The team, after returning to Japan, has been sharing the information they got in South Korea with organizations in the liaison council. It printed 51,000 copies of a brochure illustrating the possible consequences of the TPP, warning that TPP participation will destroy Japanese rice production for the sake of the United States and some Japanese large corporations. The council uses the brochure for study meetings and anti-TPP street actions.

Many people are, however, unaware of the potential negative effects of the TPP or even believe that the TPP will bring about a boost to the economy.

A superintendent of schools in a municipality in the prefecture understood the TPP to be a treaty for everyone to get along well with each other. A co-op official then told this educational leader that the TPP agreement prioritizes itself over domestic laws and accordingly constitutes an unequal treaty taking away Japan’s sovereign rights.

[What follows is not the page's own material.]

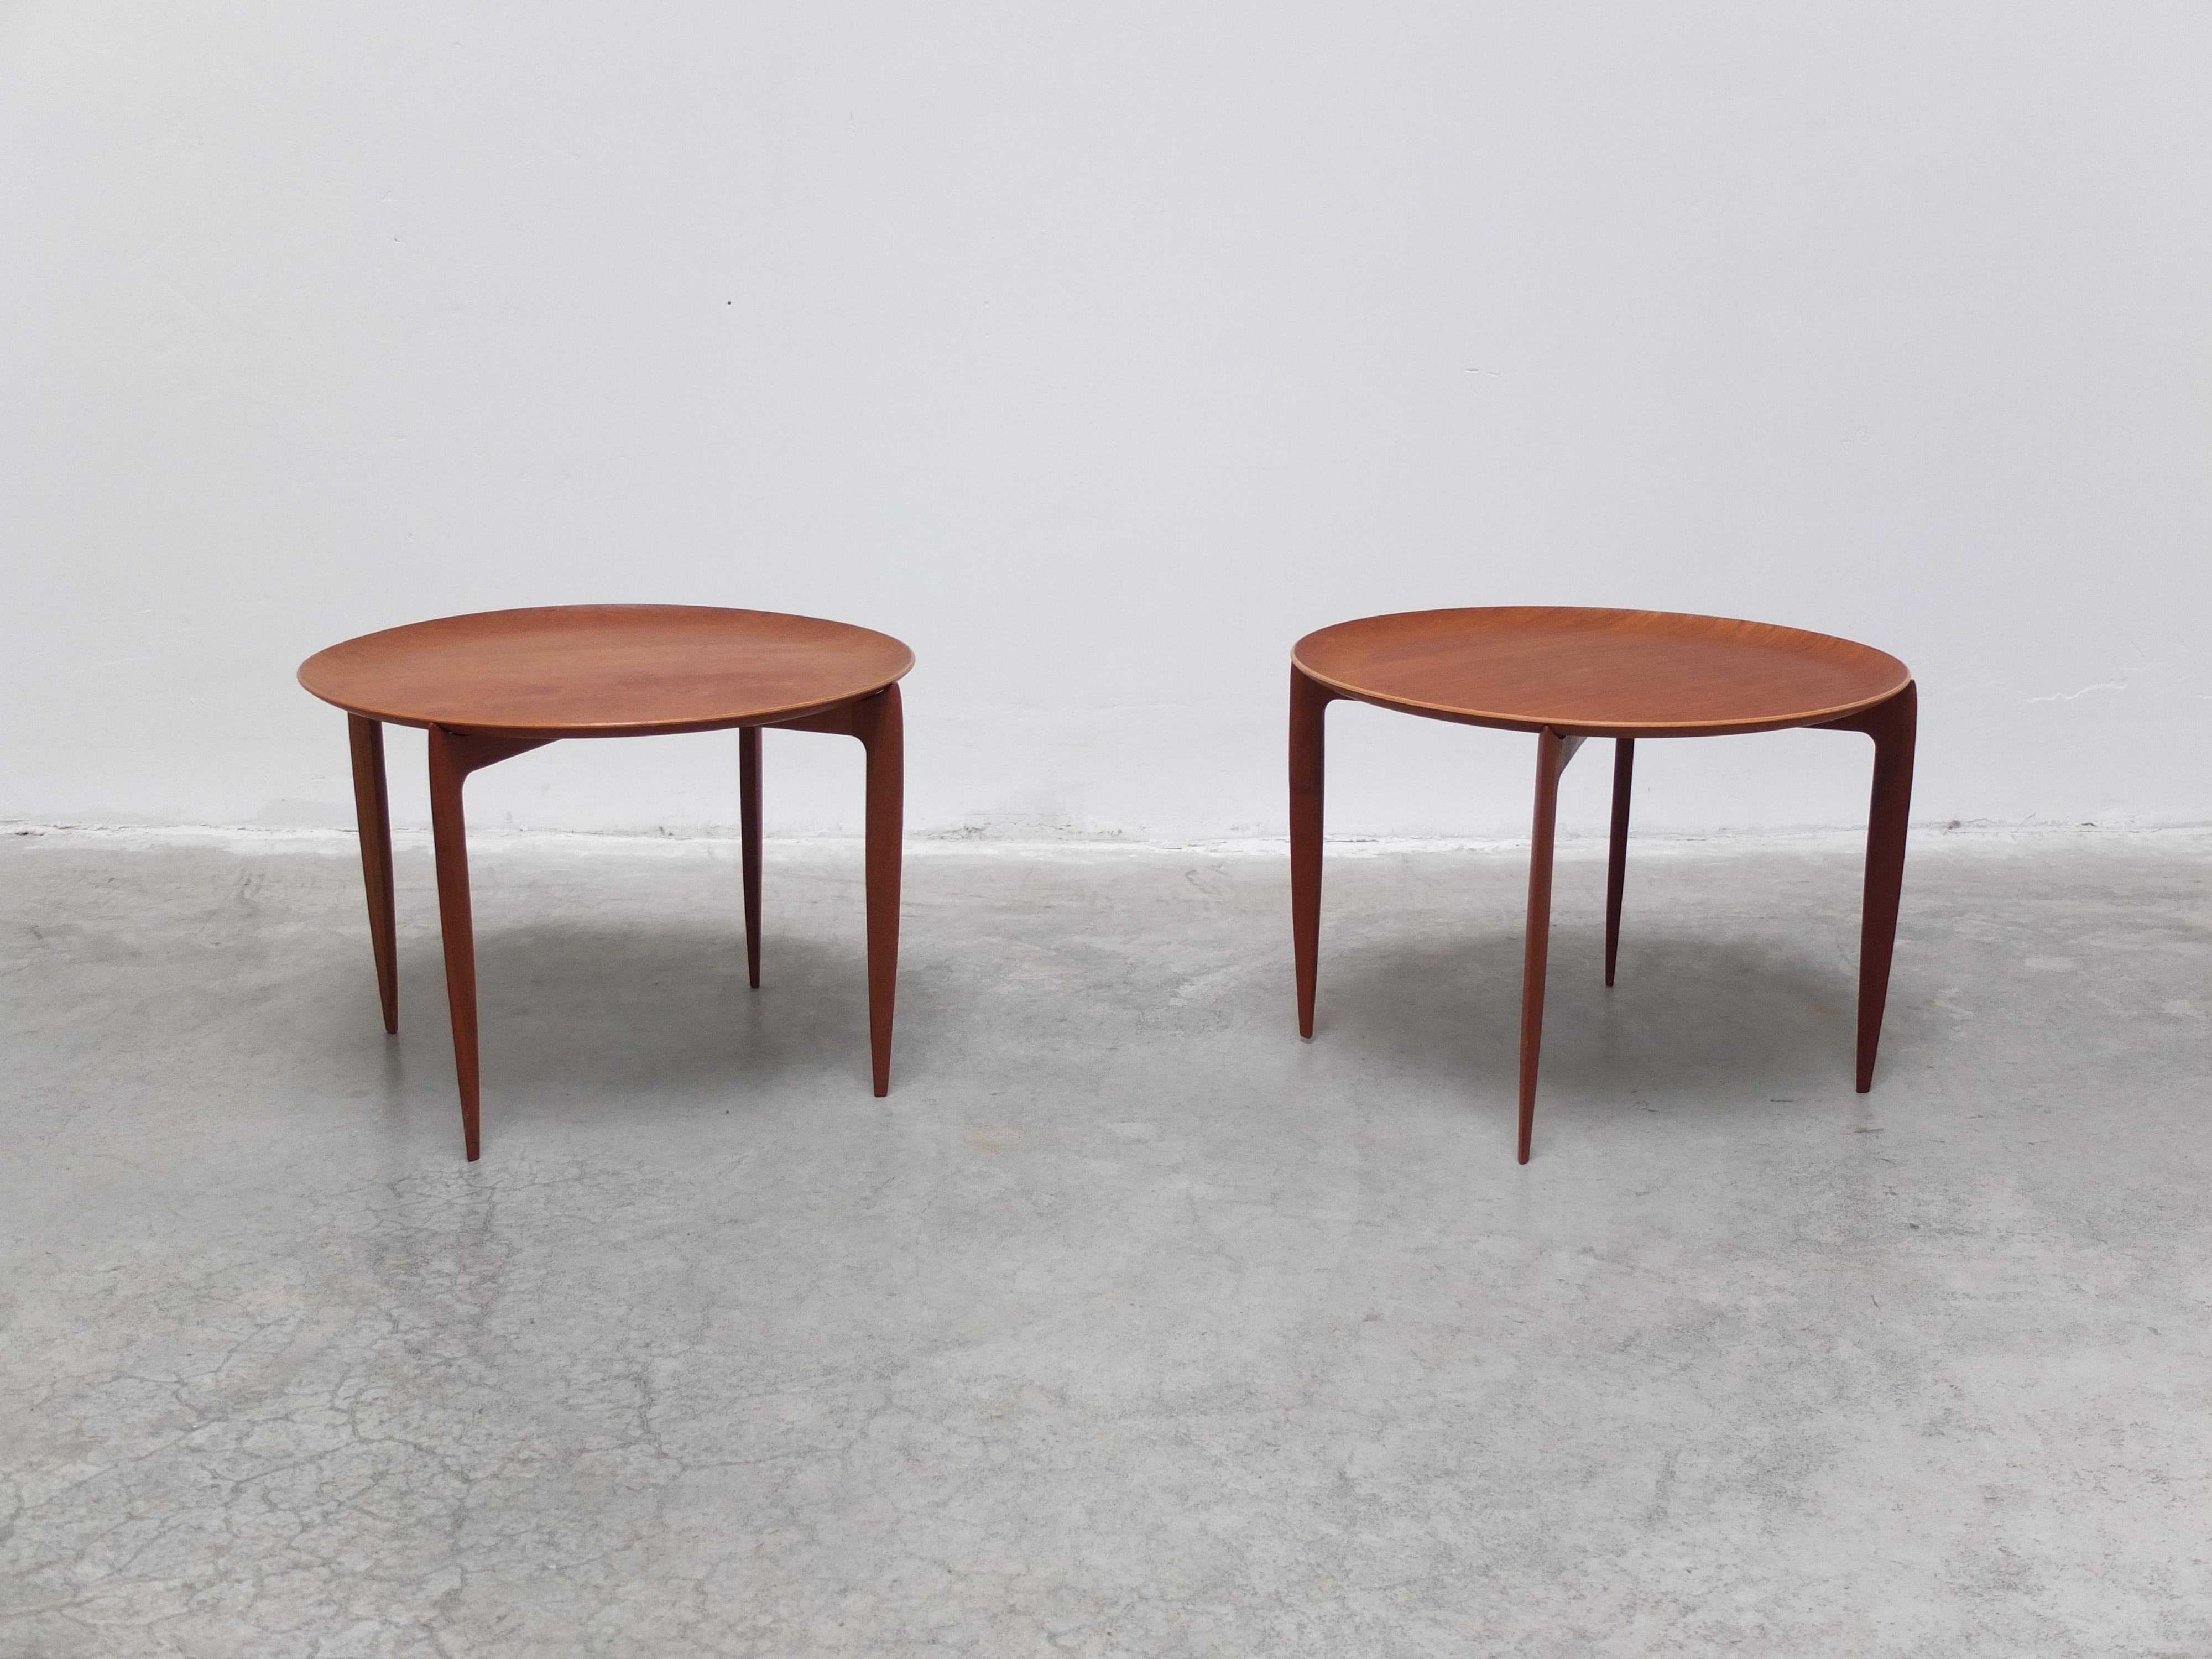 Rare paire originale de tables-plateaux modèle '4508' conçues par Hansen et Svend Aage Willumsen pour Fritz Hansen en 1958. Magnifique version précoce entièrement exécutée en teck et produite au début des années 60. Ce design est très raffiné avec

Kudo Hiroshi, former board member of Coop Kyoritsusha, now serves as a lecturer at study meetings. He said, “For example, the TPP allows cheap foreign foods, meats, and rice to come to Japanese supermarkets, no matter if there are food crises in the world or if the safety of such foods is uncertain. In order to survive in price battles, employers will no longer use Japanese workers but foreigners as a cheap workforce under the TPP. Subsequently, wages of Japanese workers will decrease. Using such examples, people can get a sense of how their lives may adversely be affected.”

Hirobe Kimoko said, “The TPP will remove all regulations that may interfere with free trade, irrespective of adverse effects on people’s daily lives. It will also threaten the existence of health co-operatives and mutual aid co-operatives.”